I margini di miglioramento della capacità degli indicatori ESG di segnalare l’effettivo allineamento delle imprese ai principi di sostenibilità sono dunque ampi. L’evoluzione regolamentare in corso a livello internazionale mira a rafforzarne l’affidabilità, stabilendo classificazioni concordate per le informazioni pubblicate dalle imprese affinché possano qualificarsi come sostenibili. 

È con questo fine che la Commissione Europea ha pubblicato una tassonomia che stabilisce i parametri per definire le attività economiche sostenibili da un punto di vista ambientale e, in prima battuta, per stabilire se esse contribuiscano alla mitigazione dei rischi climatici e all’adattamento climatico. Il compito è stato complesso ma è giunto a conclusione: si sono stabilite quali attività sono sostenibili e quali no, partendo da una loro classificazione basata su di una serie di criteri tecnici (come ad esempio le emissioni specifiche di gas serra o di consumi idrici). 

Siamo invece più indietro nella definizione dei criteri per la sostenibilità sociale. Sono buoni indicatori la “quota di donne tra i dipendenti” o il “rispetto del diritto di associazione tra i lavoratori”? L’individuazione di criteri condivisi è in questi casi un compito ancora più arduo. Solo quando si sarà raggiunto una condivisione sui criteri in base ai quali  le imprese possono essere considerate coerenti con gli obiettivi dell'Agenda 2030 delle Nazioni Unite relativi, per esempio, a standard lavorativi, inclusione e diritti umani, potremo avere una valutazione quantitativa meno “leggera” della sostenibilità dei nostri investimenti finanziari (per saperne di più).

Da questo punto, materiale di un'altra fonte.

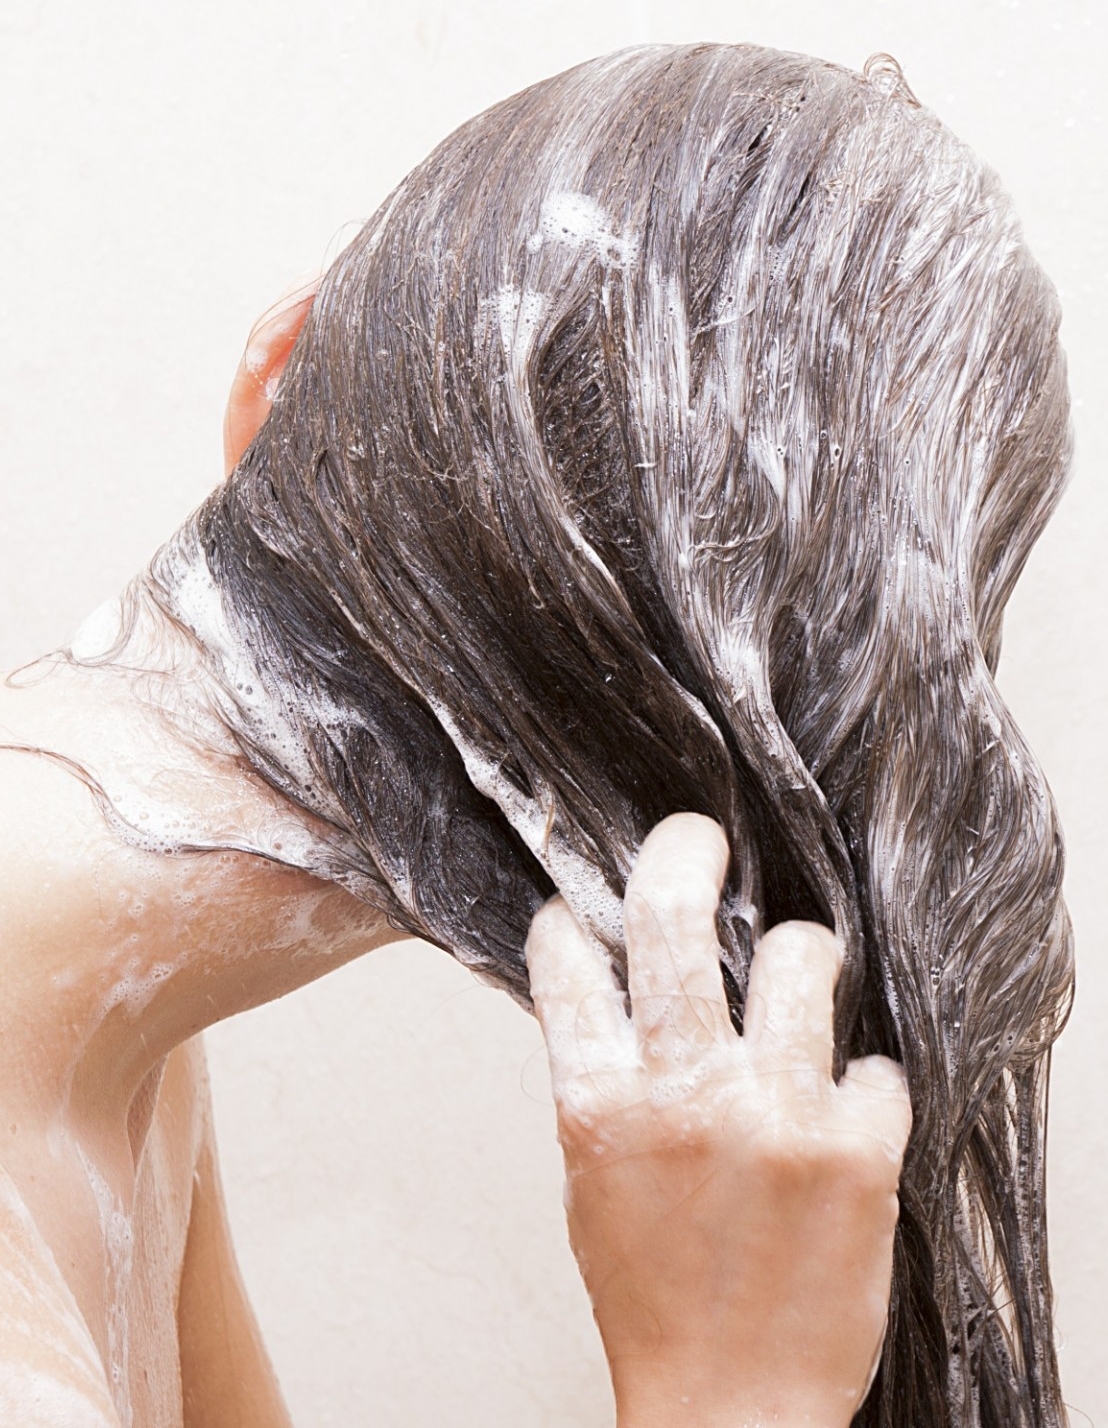 Shocking toxins in your hair fall shampoo and how to avoid it

Un esempio chiarisce i termini della discussione. Tesla è la famosa multinazionale fondata da Elon Musk, specializzata nella produzione di auto elettriche. Il suo obiettivo dichiarato è l'accelerazione verso "la transizione del mondo all'utilizzo di fonti di energia rinnovabili", riducendo la dipendenza dai combustibili fossili. A dispetto di questo obiettivo di contrasto al cambiamento climatico, lo scorso maggio Tesla è stata esclusa da uno dei principali indici di mercato ESG, lo S&P 500 ESG Index, un paniere di azioni delle principali aziende americane che hanno elevati punteggi di sostenibilità. Il punteggio ESG di Tesla è stato penalizzato per gli aspetti relativi all'ambiente di lavoro, alla discriminazione e alla sicurezza del sistema di guida autonoma. Il caso Tesla conferma che la sigla ESG non deve essere confusa con la sola attenzione verso l'ambiente. È invece una valutazione dell'impegno di una azienda su più fronti, rafforzando l’indispensabilità di costruire statistiche affidabili.